SUMAC-ROASTED VEGGIES W/ TAHINI YOGURT (+ SOME NEWS!) by Lindsey | Dolly and Oatmeal


we’re just gonna start with the news, because i’m so excited to finally share it with you! 🎉WE’RE HAVING A BABY!🎉 baby love #2 is on the way, and HE(!!!) is due late this summer!! another little guy will be making us a family of 4 (5, if you’re like us, and count your pup as a child) and while initially i was in a state of shock at the thought of another boy, i am so excited at the idea of he and amesy being best little buds. we thought for sure that it was a girl. i had it all figured out that between both of our immediate families, the siblings have been girl/boy. this will be the first on either side where there are 2 boys. so it just goes to show that genetics only go so far, i suppose.

this pregnancy has been pretty good to me so far. my first trimester was all nausea all the time, but aside from that it was quite easy. and i’m so grateful. i never shared this before, but during my first trimester with amesy i was put on bed rest for about 6 weeks. i had a subchorionic hemorrhage, which is essentially an active bleed in the gestational sac. it was quite sizable and the bedrest was to prevent the hemorrhage from rupturing. it was probably the scariest thing i have ever gone through, but thank goodness amesy made it out of that first trimester, and i went on to have a very healthy pregnancy after that. needless to say, this time around i was was convinced it would happen again (apparently it’s common to have it again if you’ve had it before), but luckily we made it through this first trimester with zero sign of any bleed.

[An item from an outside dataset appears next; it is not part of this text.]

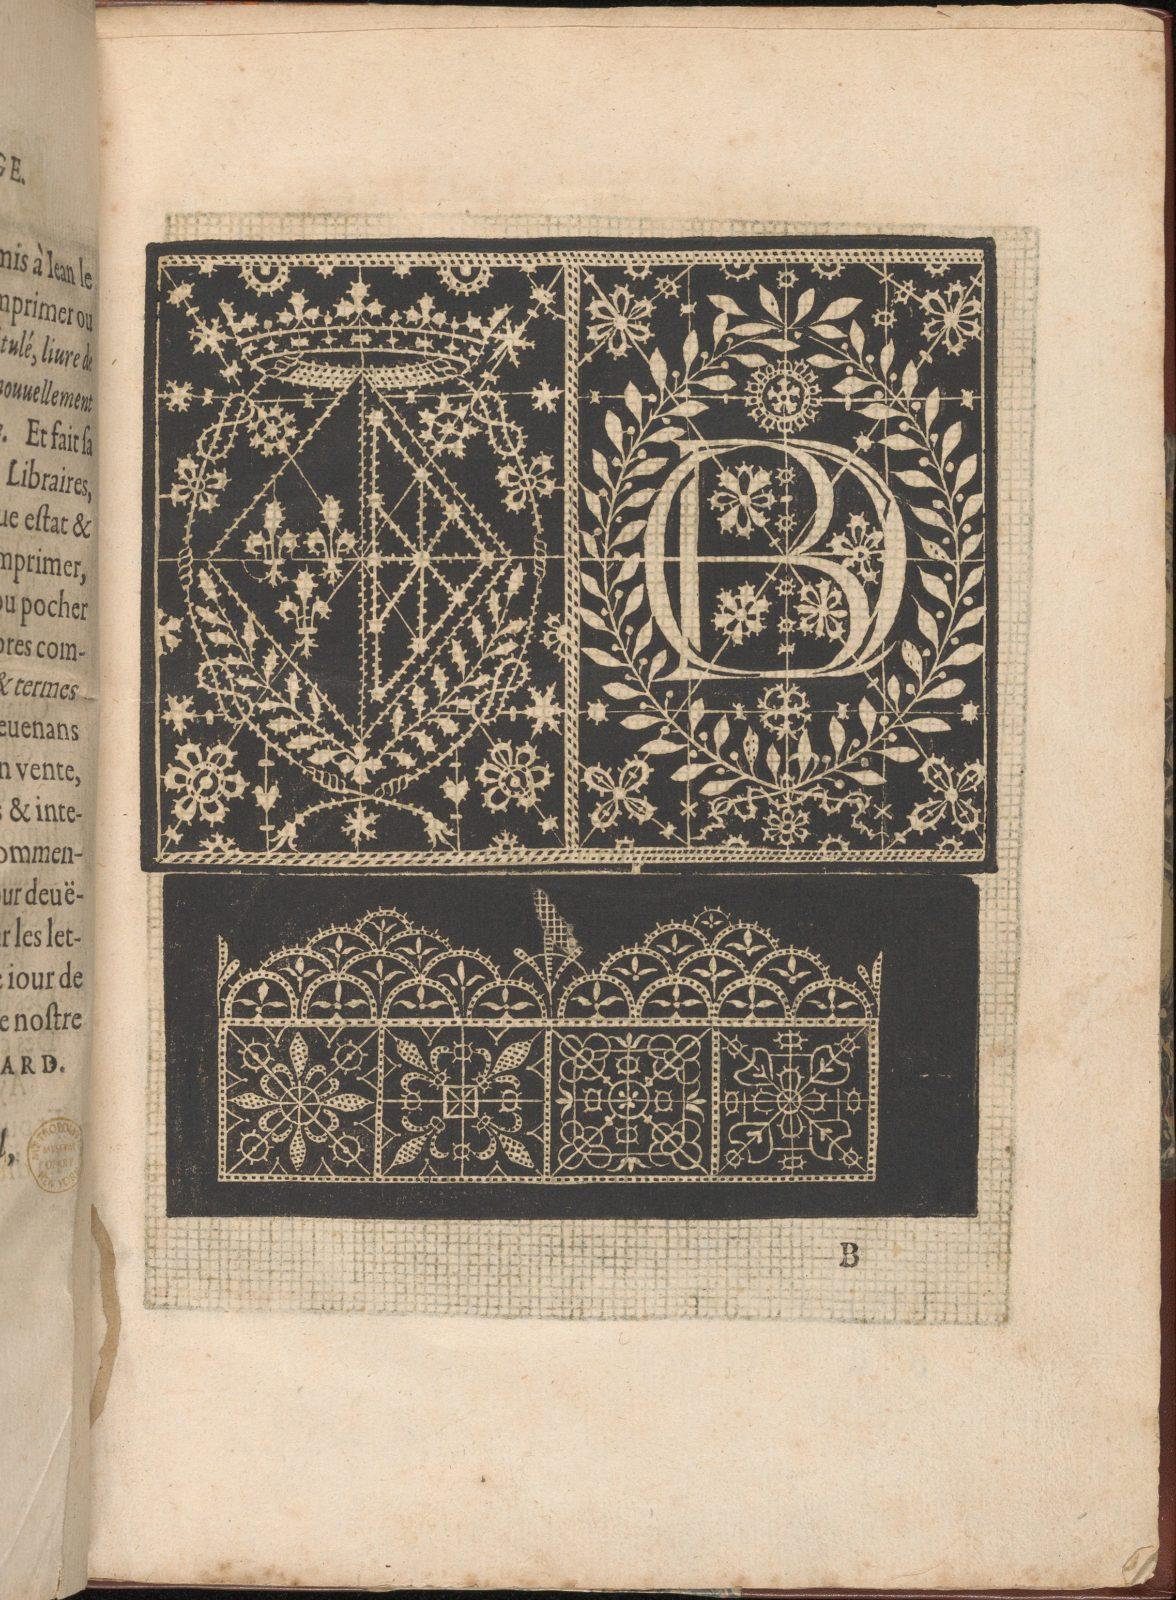 Les Secondes Oeuvres, et Subtiles Inventions De Lingerie du Seigneur Federic de Vinciolo Venitien, page 5 (recto)

with all the worry of the first trimester aside, my mind is feeling a bit more at peace. we’re beginning to plan some things, some for baby, but mostly for amesy. i’m trying to think of everything i can to make this as easy a transition for him. which has translated to him moving into a big boy bed, starting the beginnings of potty training, and all that fun stuff! but in all honesty, i worried about so much in my pregnancy with amesy, that this time around i’m really just trying to take it all in stride, and just grateful for every day that i get to carry and care for this babe.

so where am i going with all this? and why am i celebrating this news with roasted veg? basically because i haven’t been able to stomach roasted anything for close to 3 months, and i’m finally able to enjoy roasted veggies once again. and more than that, i paired my favorite medley of fresh veg with my ultimate go-to (pregnant or not): dairy-free tahini yogurt. it’s the kind of sauce that you want to pour over everything, sop up with any scrap of bread you can find, or just eat it with a spoon. it’s that good. and if you’re on the other side of the world where it’s still hot and you have a plethora of tomatoes and cucumbers you could make this version that i posted the other day on instagram. like i said, the possibilities are endless with this sauce.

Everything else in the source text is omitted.